Generate a dataset of random <=200,000 binary strings, where the length of each string is independently and randomly chosen between 1 and 50. Train the LSTM. Does it succeed? What explains the difference?

In [126]:
COUNT = 200_000

In [127]:
bin_pair = lambda x: [x, not(x)]
training = np.array([[bin_pair(random.choice([0, 1])) for _ in range(SEQ_LEN)] for _ in range(COUNT)])
target = np.array([[bin_pair(x) for x in np.cumsum(example[:,0]) % 2] for example in training])
print('shape check:', training.shape, '=', target.shape)

shape check: (200000, 50, 2) = (200000, 50, 2)


In [128]:
model = Sequential()

model.add(Input(shape = (SEQ_LEN, 2), dtype = 'float32'))

model.add(LSTM(1, return_sequences = True))

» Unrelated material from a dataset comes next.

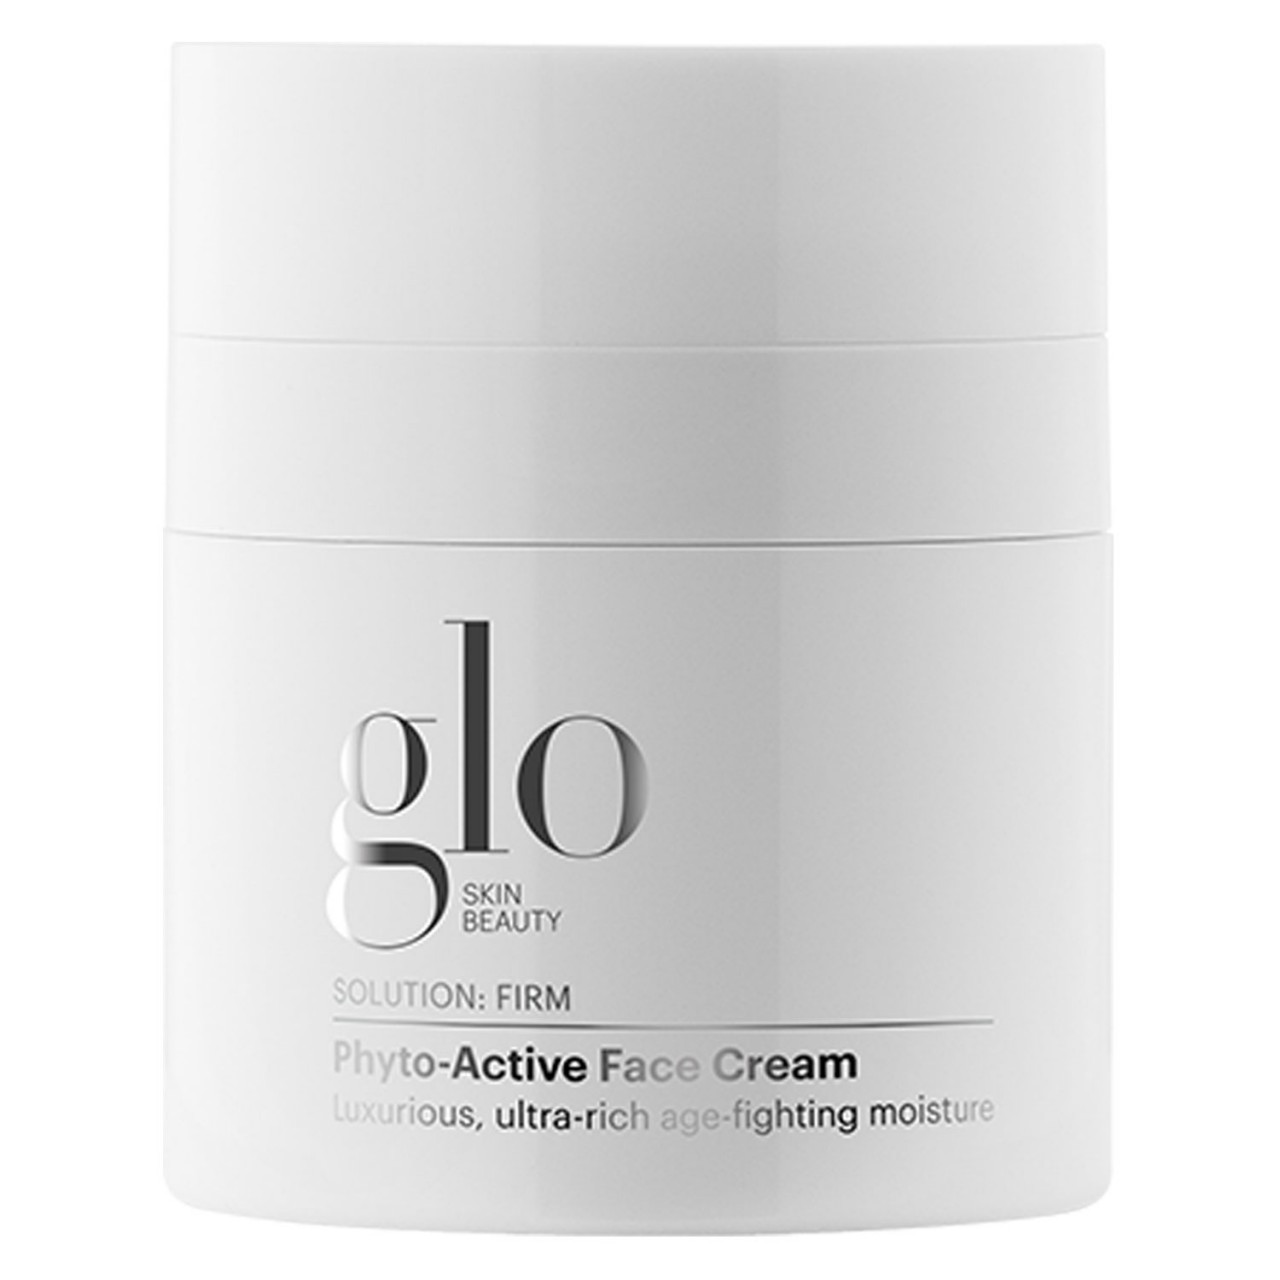 Glo Skin Beauty Care - Phyto-Active Face Cream von Glo Skin Beauty

model.add(Dense(2, activation = 'softmax'))

In [129]:
model.compile(loss = 'binary_crossentropy', optimizer = 'adam', metrics = ['accuracy'])
model.fit(training, target, epochs = 10, batch_size = 128)
model.summary()

Epoch 1/10
Epoch 2/10
Epoch 3/10
Epoch 4/10
Epoch 5/10
Epoch 6/10
Epoch 7/10
Epoch 8/10
Epoch 9/10
Epoch 10/10
Model: "sequential_5"
_________________________________________________________________
Layer (type)                 Output Shape              Param #   
lstm_2 (LSTM)                (None, 50, 1)             16        
_________________________________________________________________
dense_8 (Dense)              (None, 50, 2)             4         
Total params: 20
Trainable params: 20
Non-trainable params: 0
_________________________________________________________________


In [130]:
predictions = model.predict(training)
i = random.randint(0, COUNT)
chance = predictions[i, -1, 0]
print('randomly selected sequence:', training[i, :, 0])
print('prediction:', int(chance > 0.5))
print('confidence: {:0.2f}%'.format((chance if chance > 0.5 else 1 - chance) * 100))
print('actual:', np.sum(training[i, :, 0]) %2)

randomly selected sequence: [1 1 1 1 0 1 0 0 1 1 1 1 0 0 1 1 0 1 0 1 1 1 1 0 1 1 0 1 1 0 0 1 1 1 1 1 1
 0 1 1 1 0 1 0 0 0 0 1 0 0]
prediction: 1
confidence: 100.00%
actual: 1


With a dataset of 200,000 binary strings, the model now predicts with 100% confidence.